- [WHAT THE EXERCISE ASKS]
Write out again, exactly as they appear, the lines from the start of the data below through the line with "A woman dressed"; no pictures.

- [DATA SECTION]
►
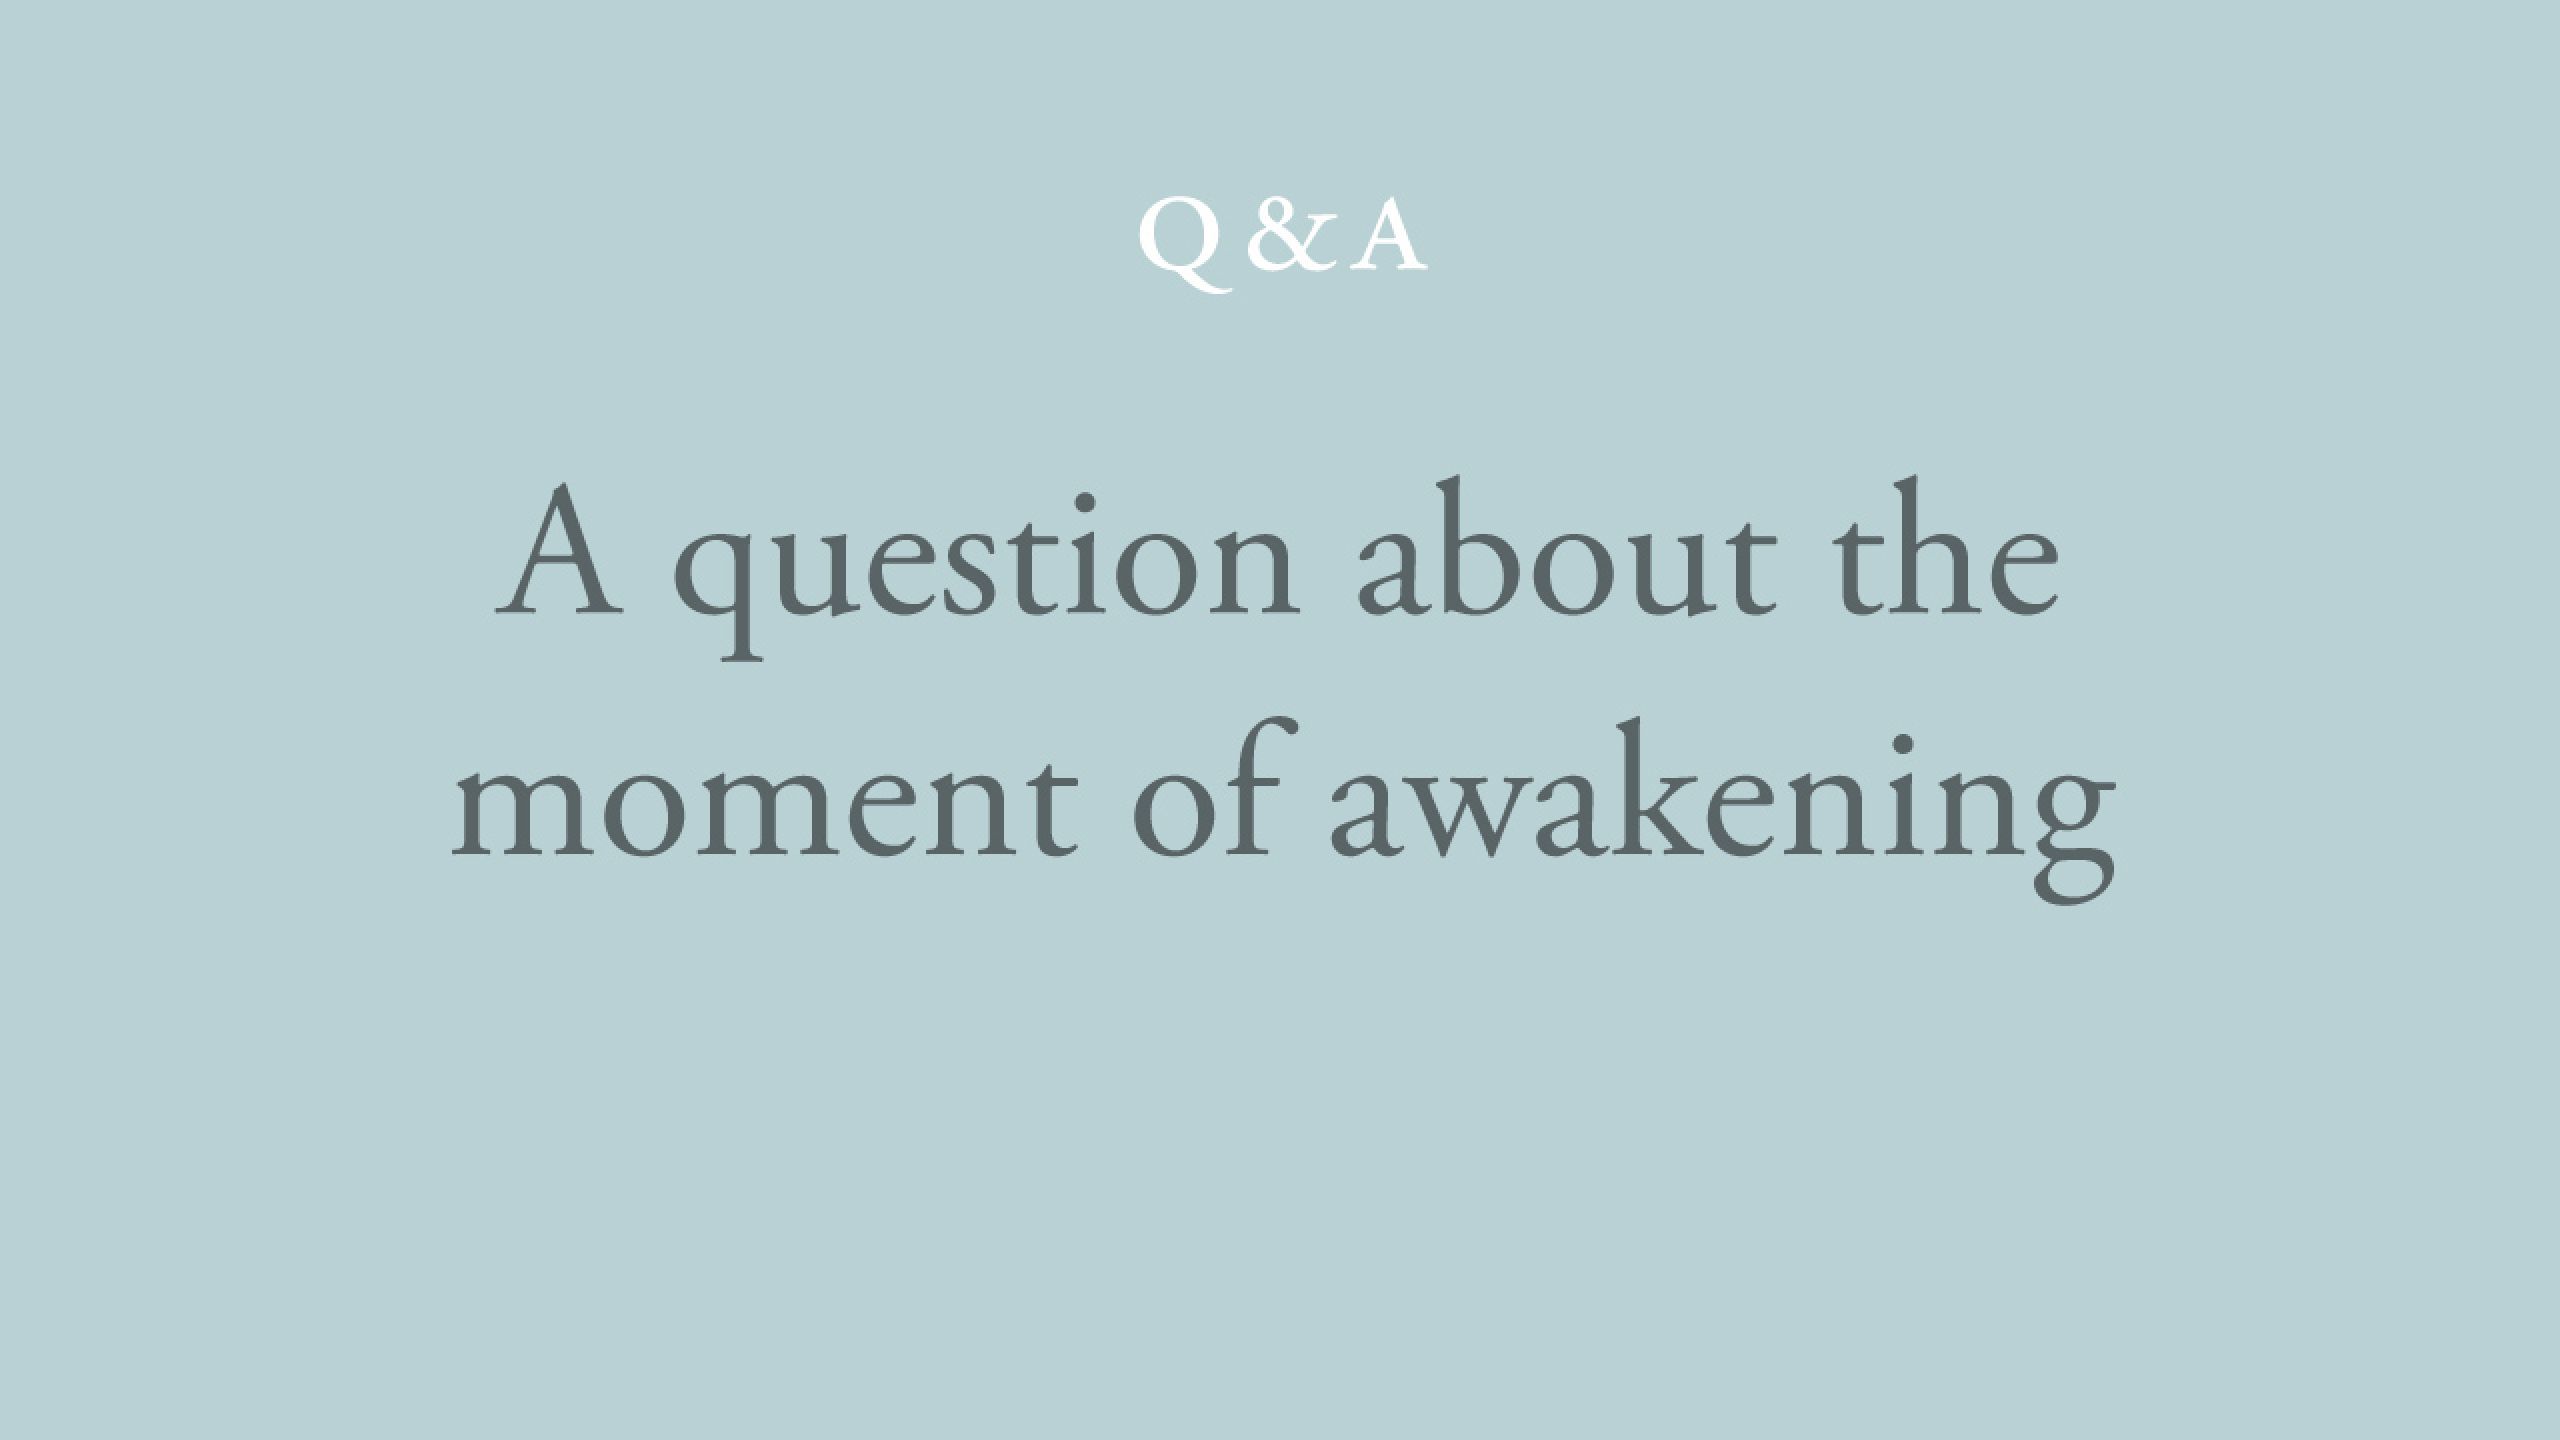 Do questions continue after awakening?
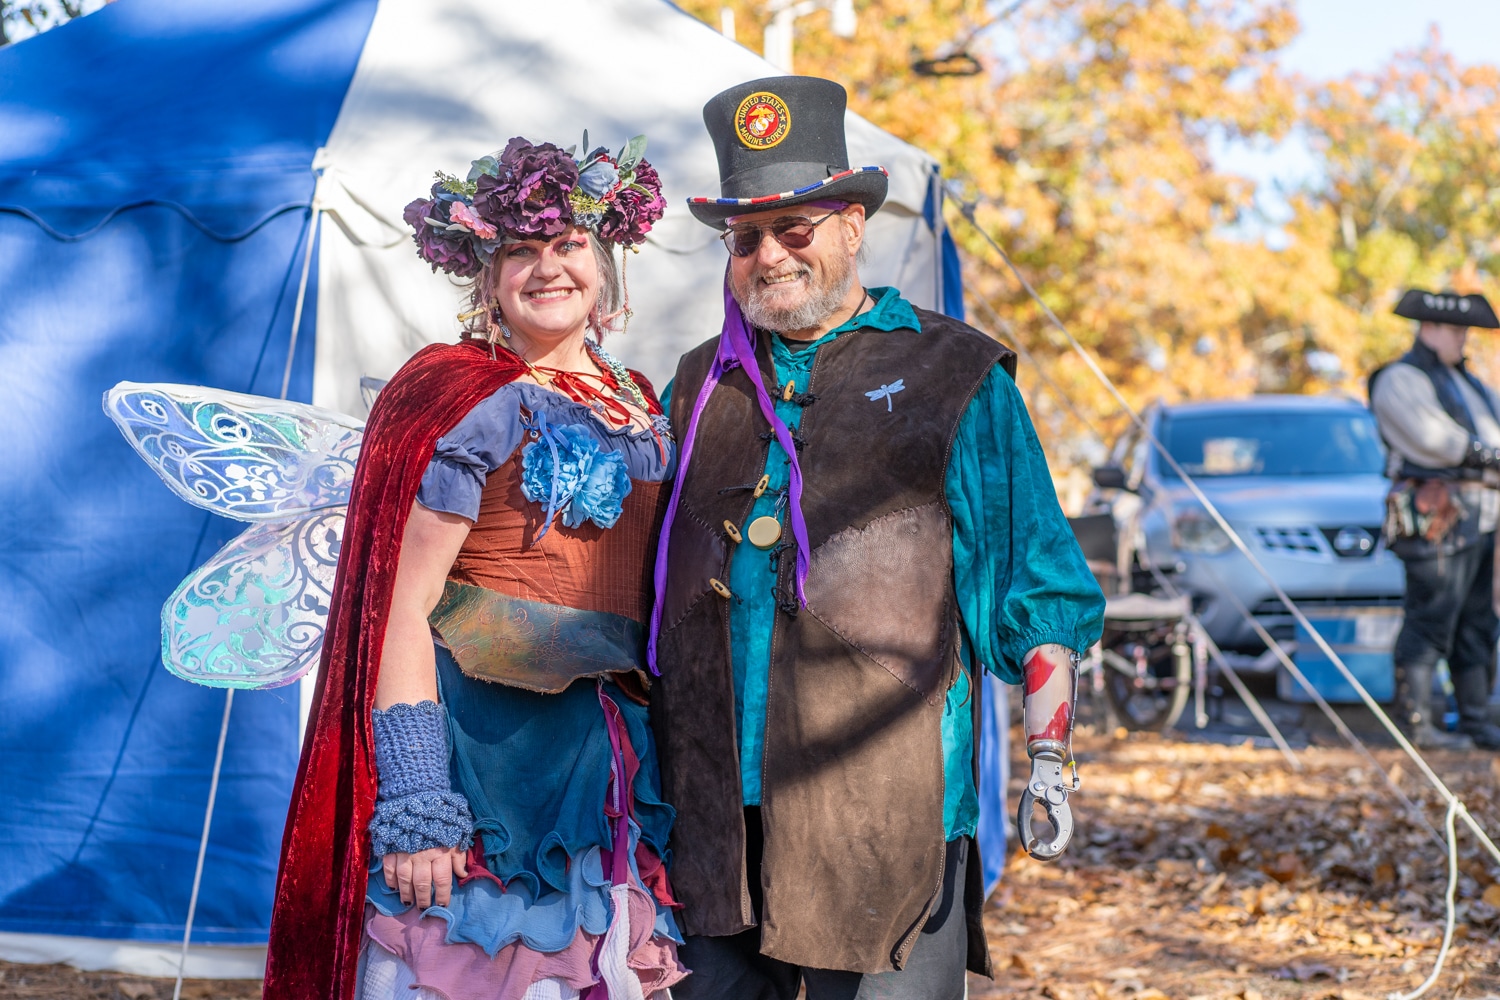 A woman dressed as a flower fairy and a man with a top hat smile for the camera in front of a tent at the Arkansas Renaissance Festival.
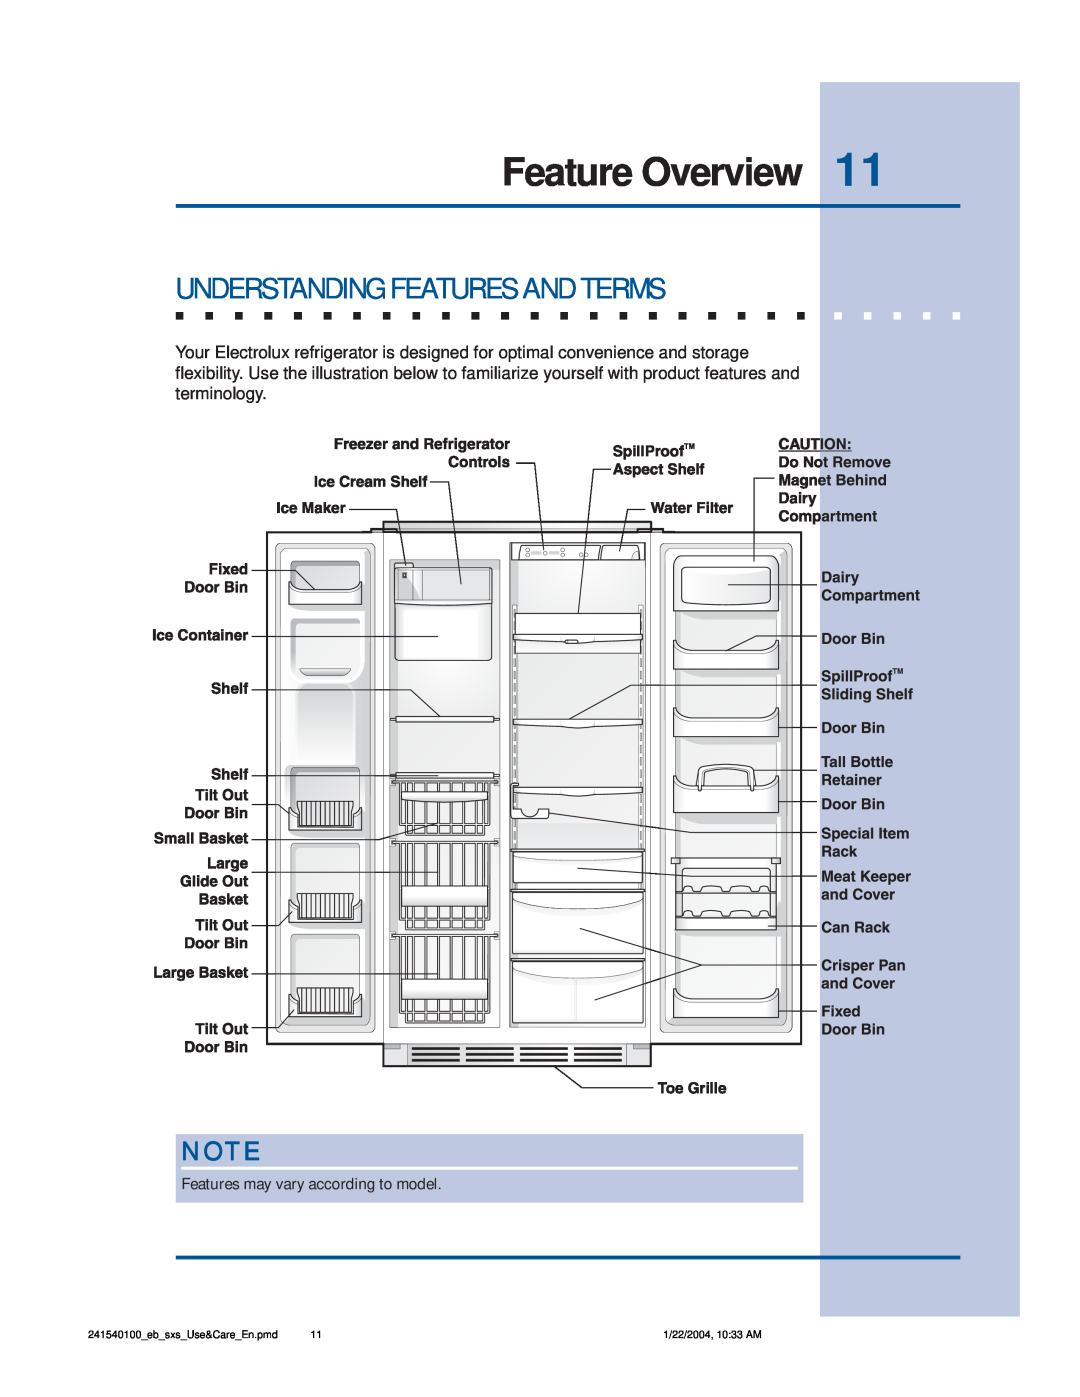 Frigidaire 241540100 (1203) manual Feature Overview, Understanding Features And Terms, Features may vary according to model
◄
- [RESULT OF THE TASK]
 Do questions continue after awakening?
 A woman dressed as a flower fairy and a man with a top hat smile for the camera in front of a tent at the Arkansas Renaissance Festival.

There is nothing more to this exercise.